*Task objective*: Pictures are to be dropped. Everything else in the listing gets copied exactly.

*Data shown*:
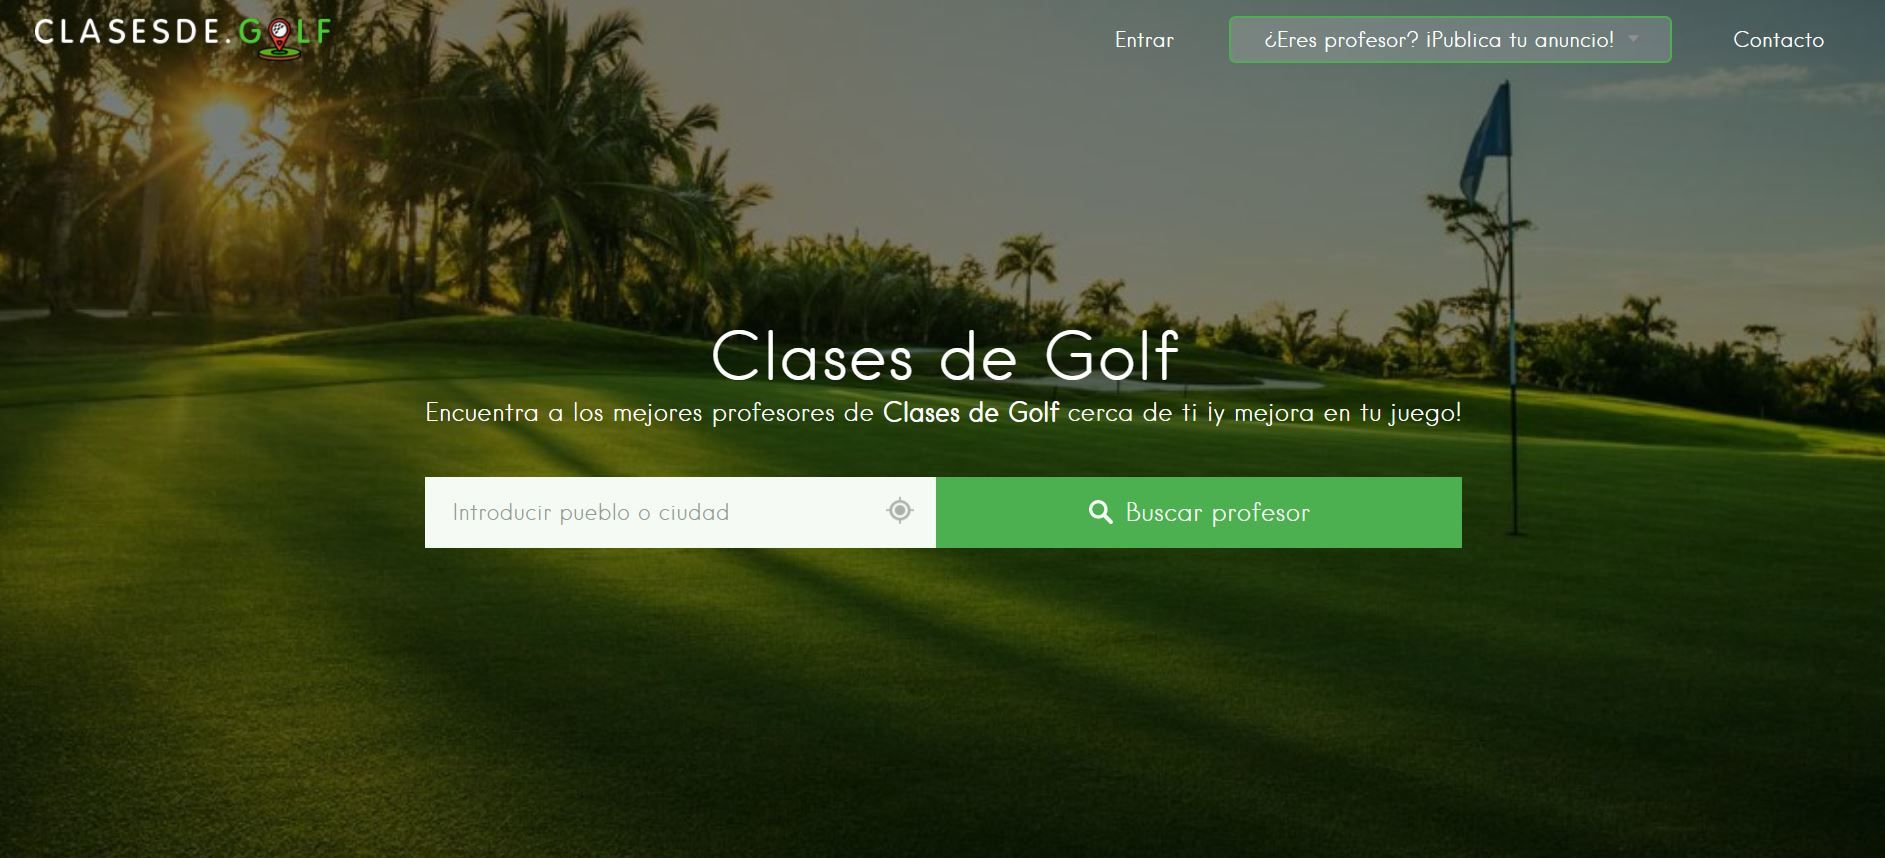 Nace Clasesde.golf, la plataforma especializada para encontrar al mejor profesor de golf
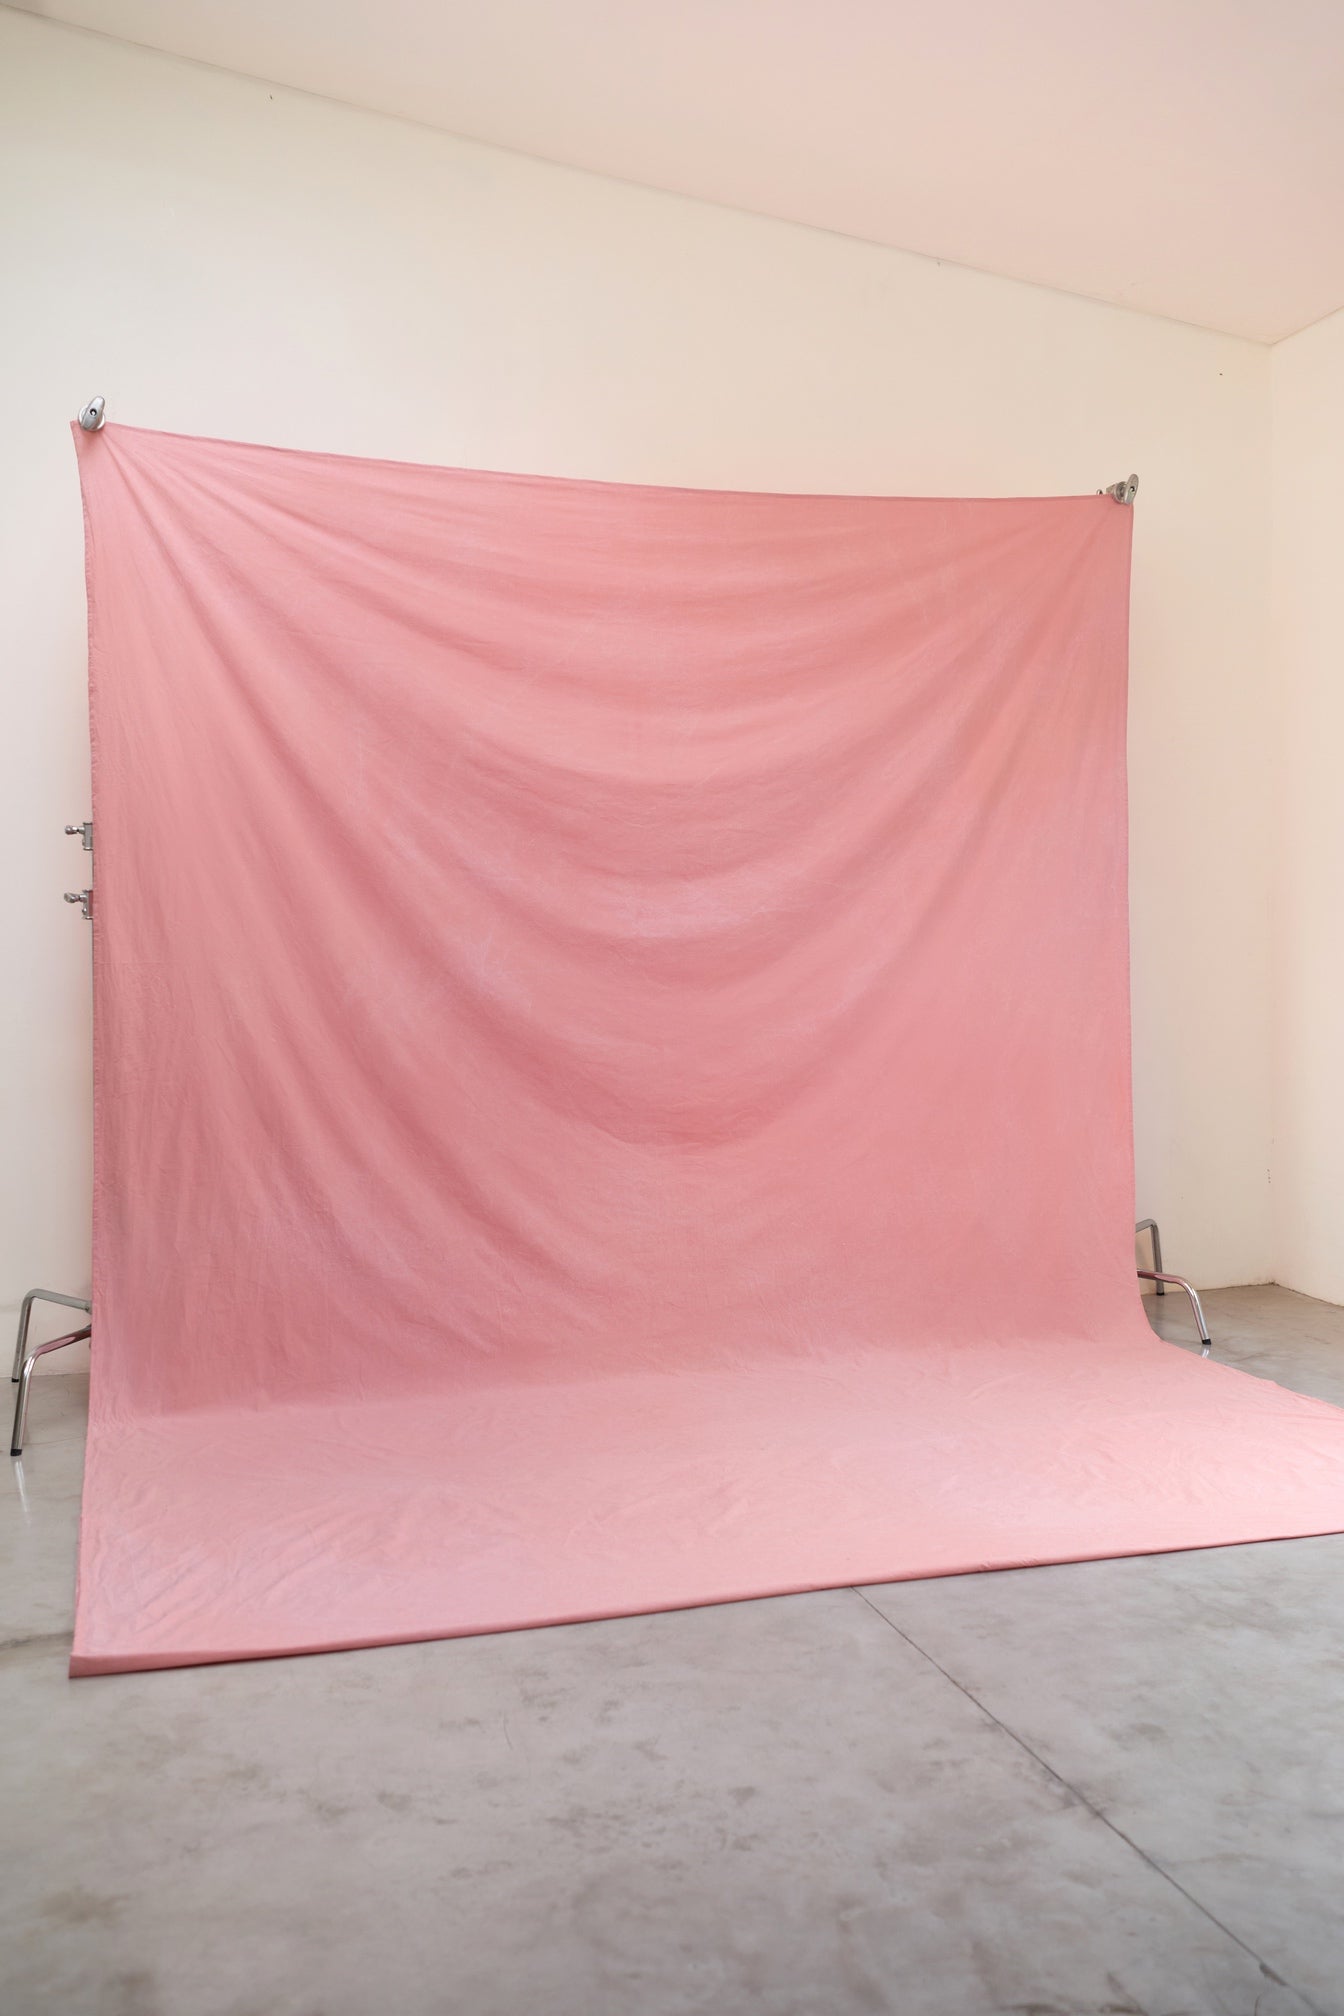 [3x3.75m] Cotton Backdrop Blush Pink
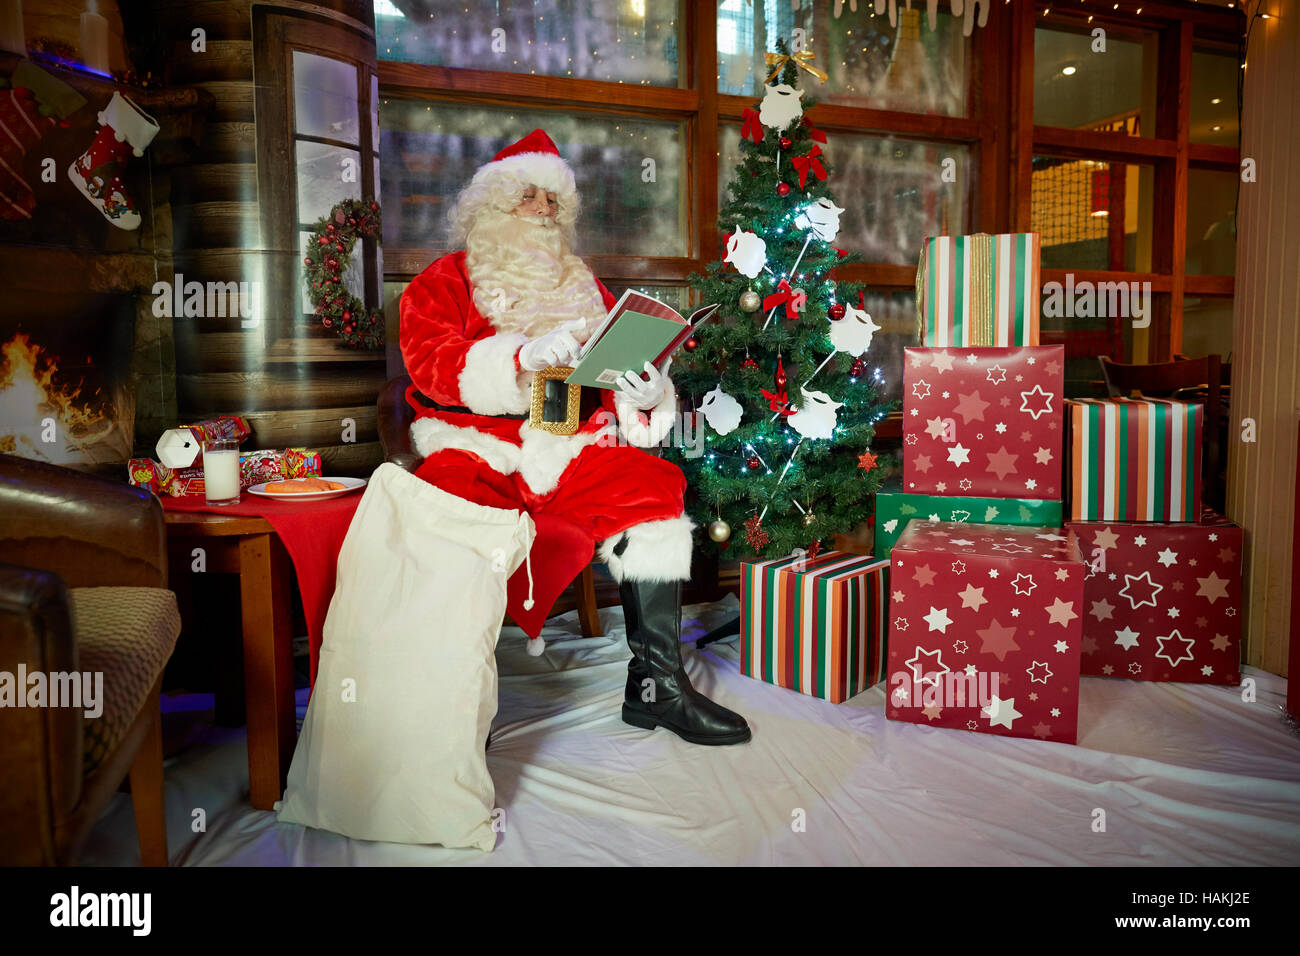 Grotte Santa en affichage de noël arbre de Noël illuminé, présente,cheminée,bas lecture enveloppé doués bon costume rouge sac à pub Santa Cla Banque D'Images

*Your solution*:
 Nace Clasesde.golf, la plataforma especializada para encontrar al mejor profesor de golf
 [3x3.75m] Cotton Backdrop Blush Pink
 Grotte Santa en affichage de noël arbre de Noël illuminé, présente,cheminée,bas lecture enveloppé doués bon costume rouge sac à pub Santa Cla Banque D'Images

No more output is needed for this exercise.